The Origin of Bail Bonds

If you’ve ever had to post bail, you probably thanked your lucky stars for your bail bondsman in Angleton, TX. Not too many people have tens of thousands of dollars on hand to put up as collateral! A bondsman makes it easy to put down a smaller amount and get out of jail, so you can start planning your defense with legal counsel.

But things weren’t always this easy. Bondsmen didn’t always exist! Long ago, if you were accused of a crime, you simply stayed in jail until the day of your hearing. Not only did this make life miserable (especially for those eventually acquitted), it made it hard to plan a sound defense.

The Early Days of Bail

Bail first entered history in the 13th century, but didn’t really evolve into a real industry until a few centuries later. Early bail bonds were value traps that preyed on people in their time of weakness. Often, only moderately well-off persons could afford bail or the collateral for a bond, and even then, bond agents charged outrageous premiums.

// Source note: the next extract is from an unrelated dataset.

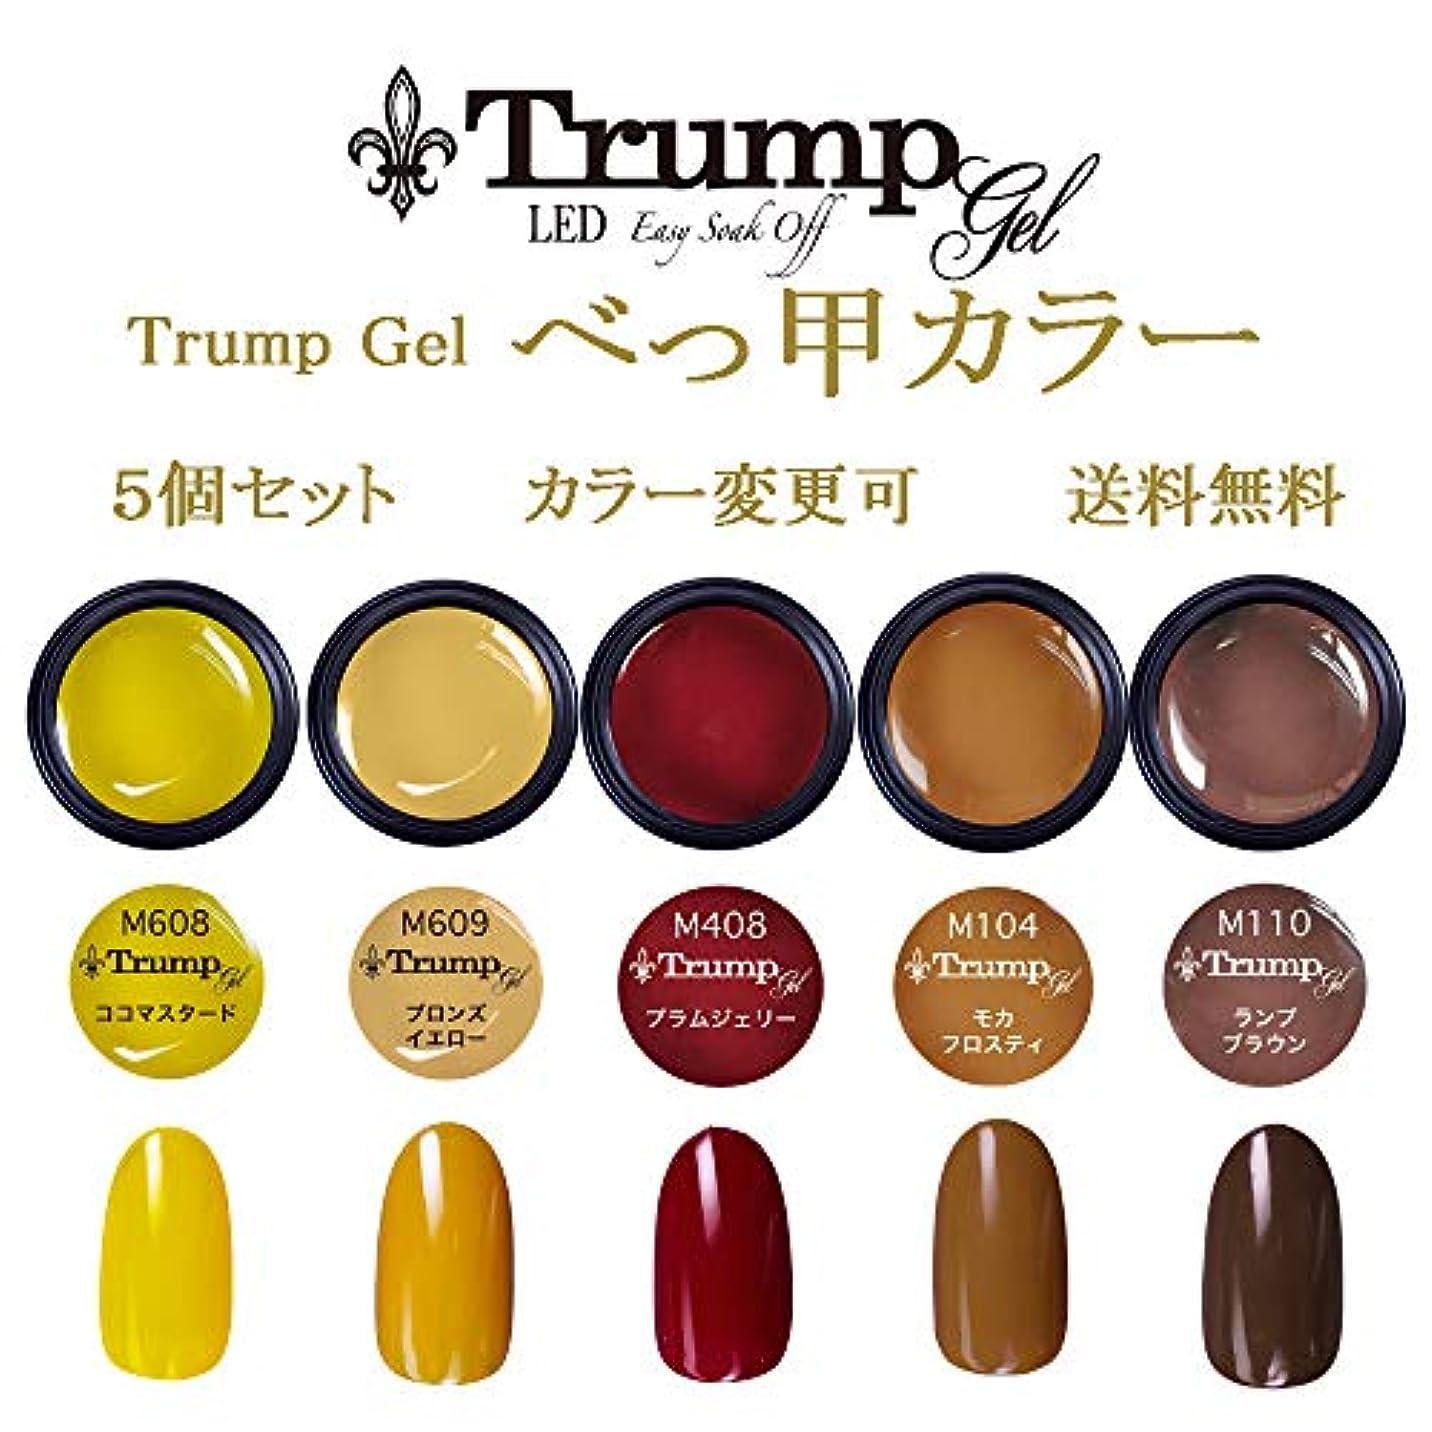 症状聖域孤独な日本製 Trump gel トランプジェル べっ甲 ネイルカラー 選べる カラージェル 5個セット イエロー ブラウン ワイン べっこう

Malicious bond practices met their match around 1677, however. In England, Parliament passed the Habeas Corpus Act, which put restrictions on excessive bail. This helped to bring more transparency to the bail bond’s industry by keeping bail manageable and bondsmen more accountable.

After, the United States applied further honesty to the concept of bail. In 1789, it was stated that all non-capital offenses were bailable, ensuring everyone had the right to post bail and begin working on their legal defense.

Flash forward to 1966 and you get the final evolution of bail. President Lyndon B. Johnson signed the Bail Reform Act, which set reasonable bail schedules for crimes, to limit financial burden on persons posting bail who had not yet been convicted. This law was modified slightly in 1984, including new provisions to prevent discrimination against the poor and holding dangerous (repeat) offenders responsible for higher bail.

The Evolution of the Bondsman

As bail has evolved throughout the ages, so has the role of the bondsman. Bail bondsmen in Angleton, TX are more accessible now that bail itself is more controlled. Moreover, competition within the bail bonds market has kept premiums charged by bondsmen in check, preventing a return to the outrageous rates of 13th century greed-mongers.

The concept of collateral has also evolved in regards to bondsmen. Being able to put up assets for potential forfeiture has made it easier for individuals to secure bonds—instead of having to put up major assets like their home. Being able to secure a bond with jewelry, a vehicle or other moderate-value items reduces the overall risk to someone, without putting the liability back on the bond agent.

Finally, today’s bondsman is generally less of a shady character! Bond transactions are recognized and expected by the court, meaning most bond agents are upstanding, honest, well-organized companies. They understand the expectations of the court and often work in cooperation with the court and the accused, providing reminder phone calls for court dates and even offering transportation to and from hearings!

Bail and bondsmen have come a long way over the centuries, for the betterment of the entire legal system. It’s easy to see how good you’ve got it if you need to post bail today—just look at what your predicament may have been 400 years ago!